▶ _What to produce_: Skip every picture, and output exactly the lines starting at the one with "Mechanicsburg, Pa - 1." and running through the last line of the material below.

▶ _Data block_:
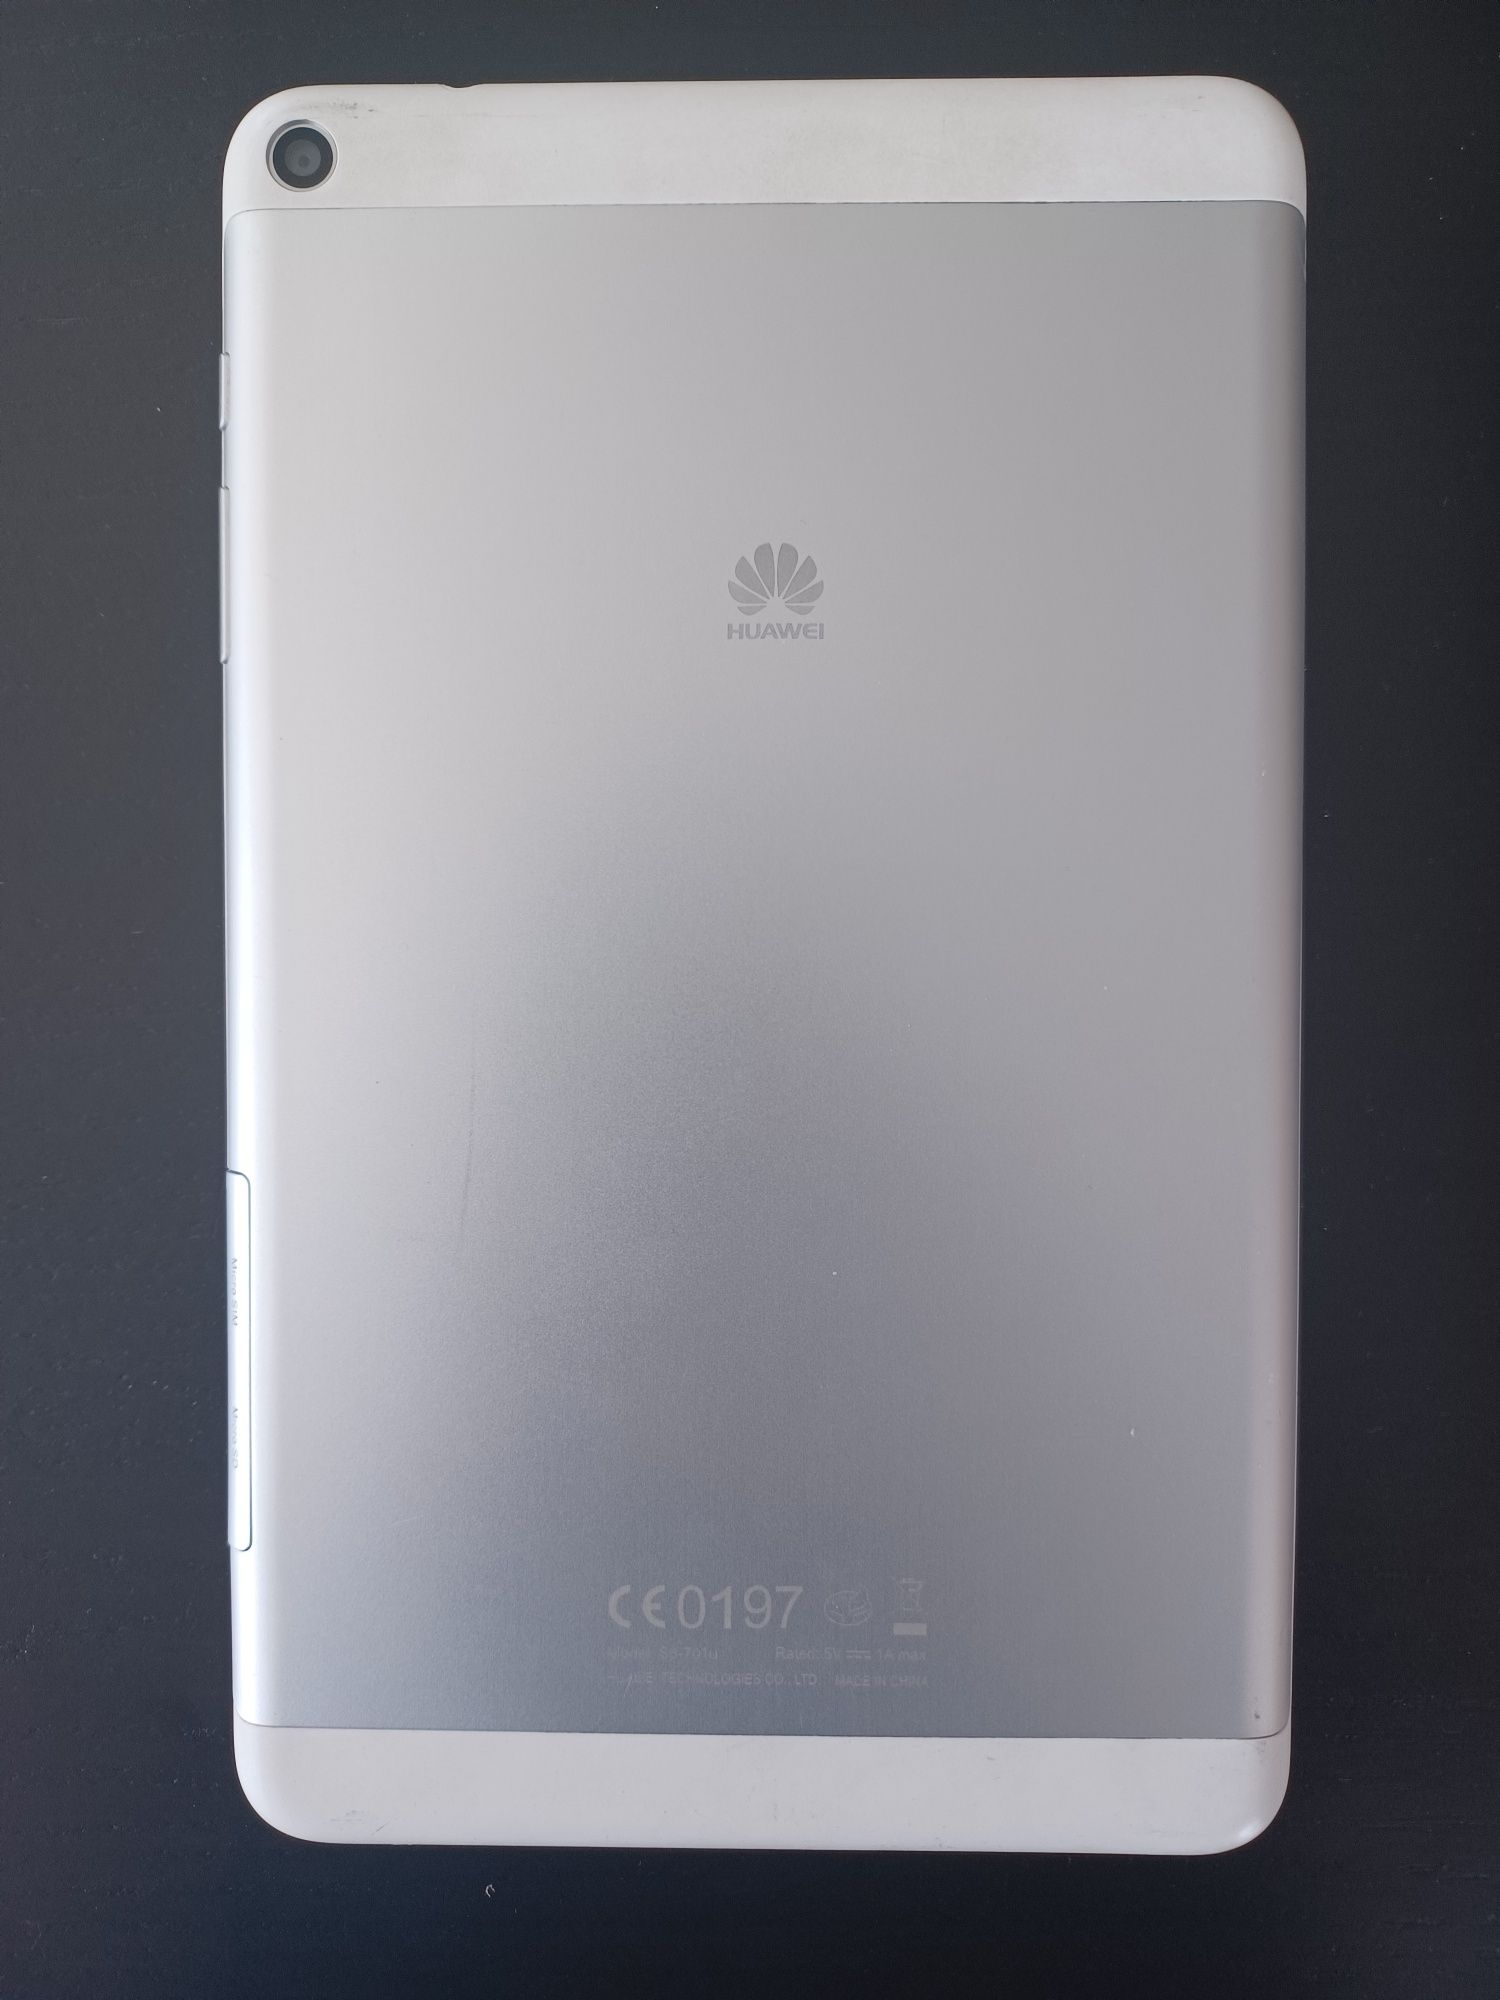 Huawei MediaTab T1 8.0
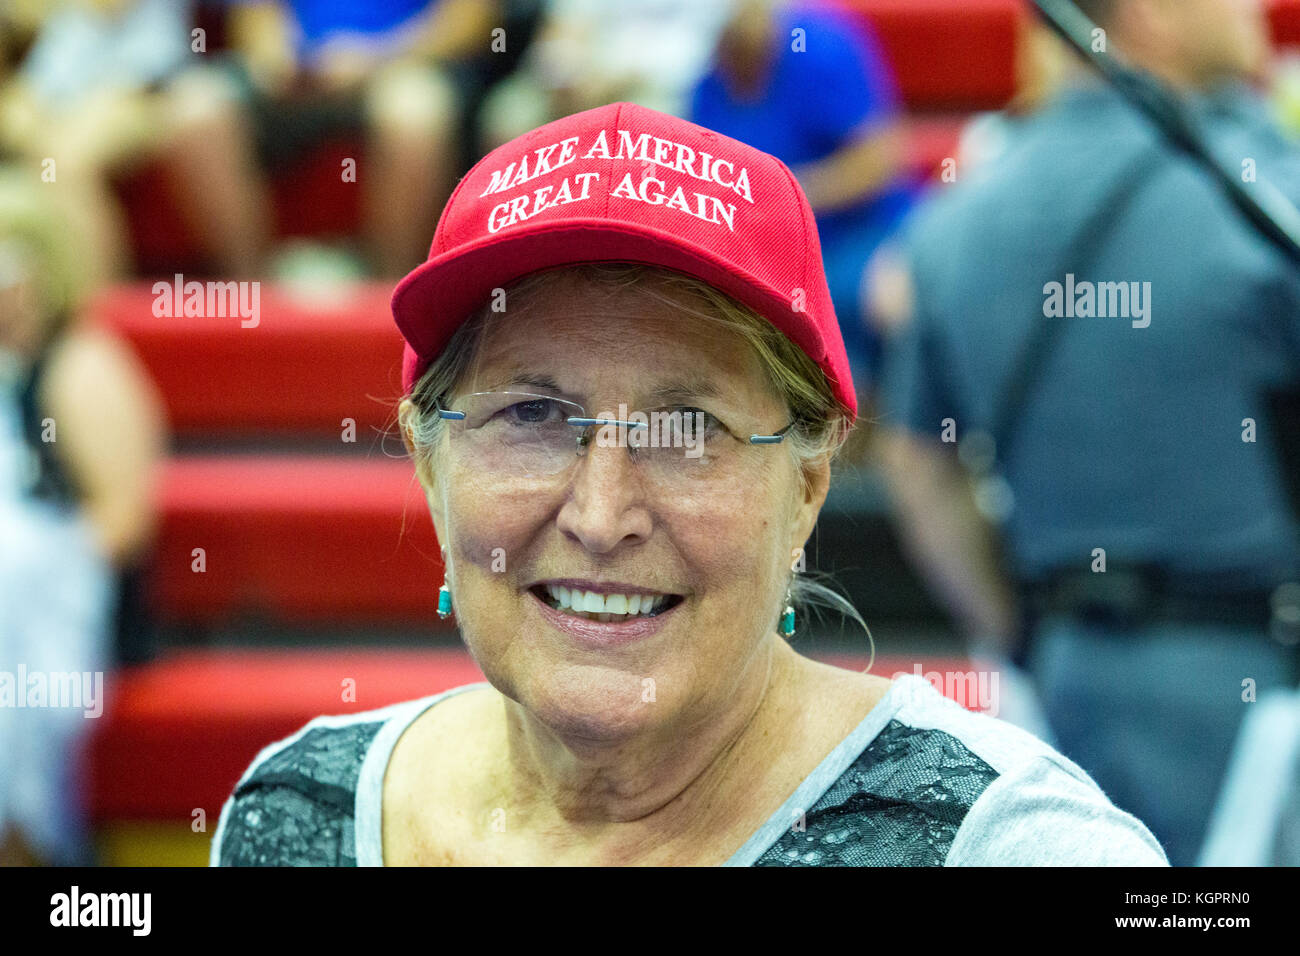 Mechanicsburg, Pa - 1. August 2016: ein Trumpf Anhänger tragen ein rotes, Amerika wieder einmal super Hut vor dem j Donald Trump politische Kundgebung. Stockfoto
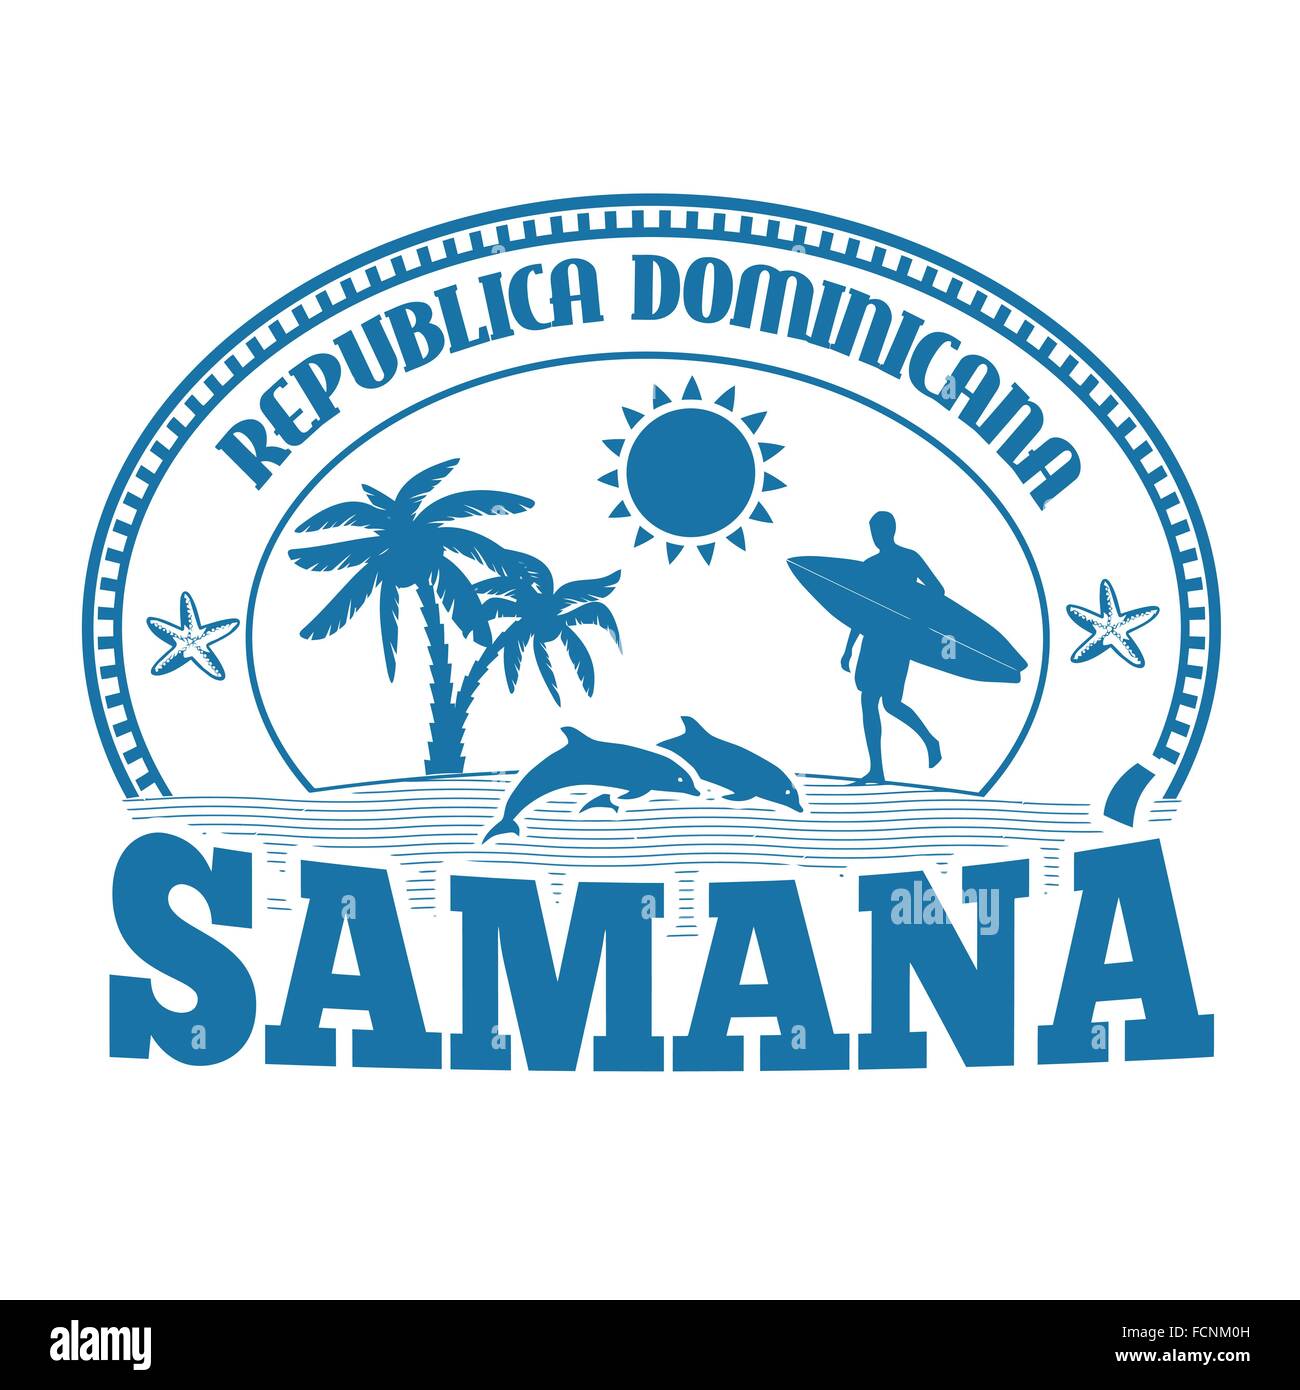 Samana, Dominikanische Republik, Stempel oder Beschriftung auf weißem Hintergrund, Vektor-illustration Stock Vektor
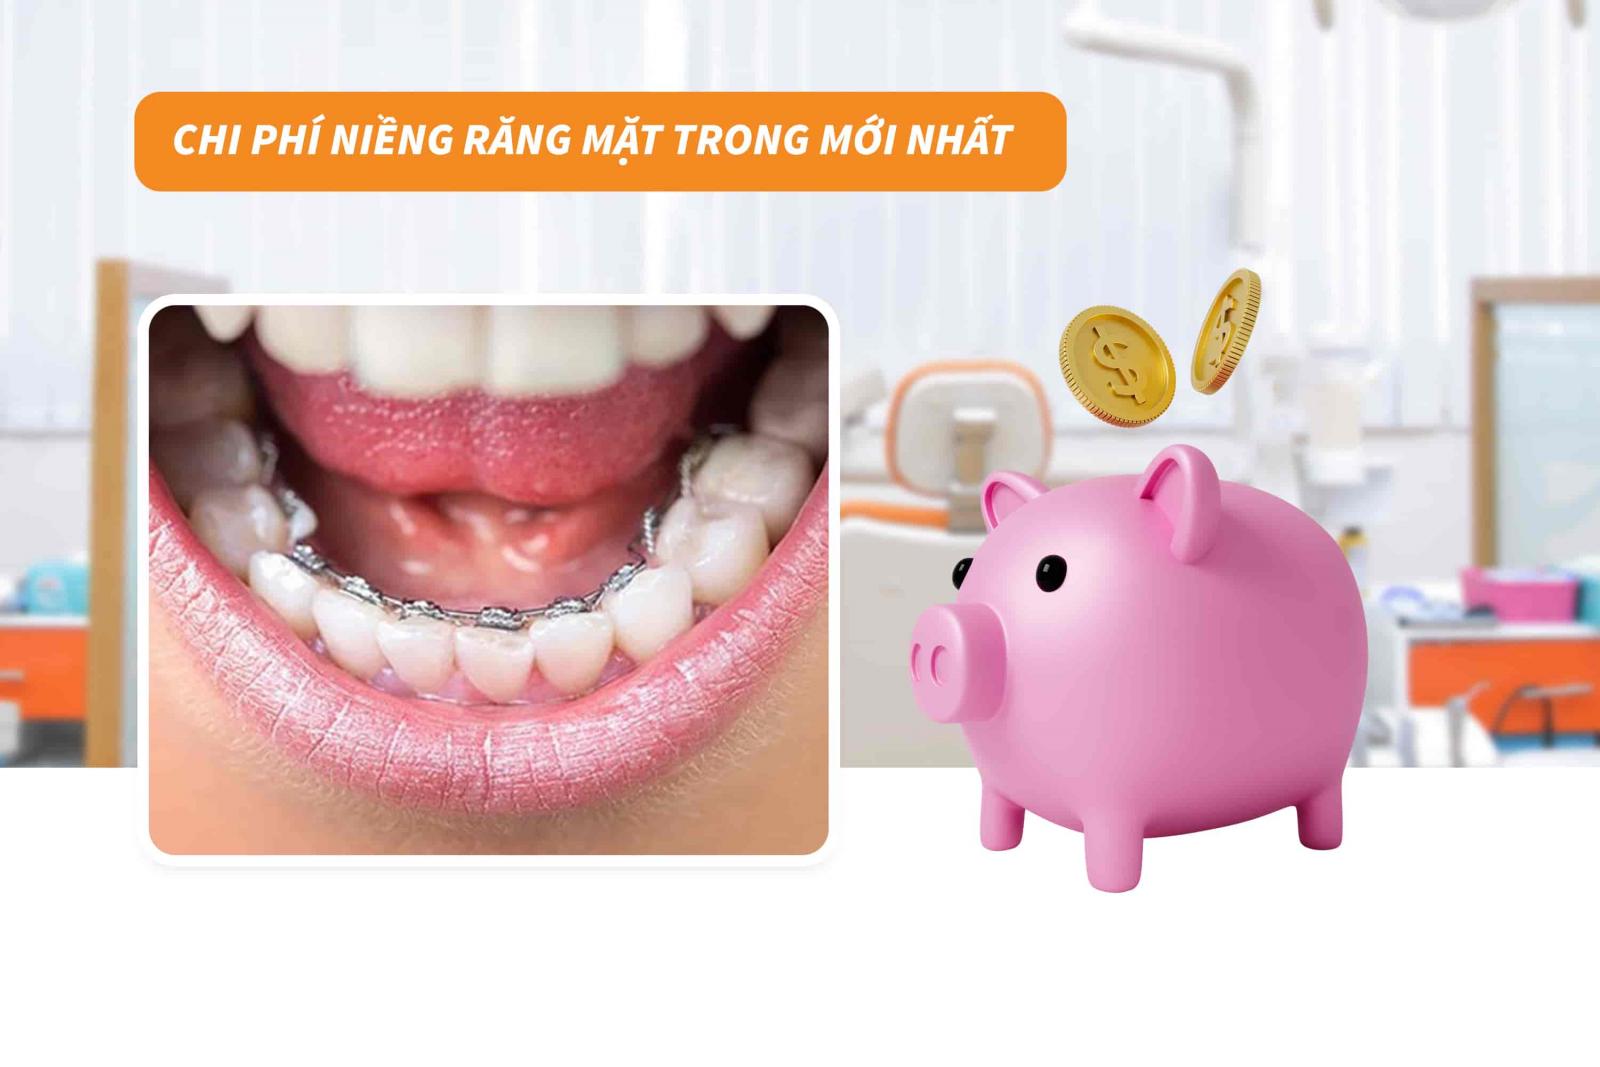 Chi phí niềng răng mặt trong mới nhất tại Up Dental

▶ _Result below_:
 Mechanicsburg, Pa - 1. August 2016: ein Trumpf Anhänger tragen ein rotes, Amerika wieder einmal super Hut vor dem j Donald Trump politische Kundgebung. Stockfoto
 Samana, Dominikanische Republik, Stempel oder Beschriftung auf weißem Hintergrund, Vektor-illustration Stock Vektor
 Chi phí niềng răng mặt trong mới nhất tại Up Dental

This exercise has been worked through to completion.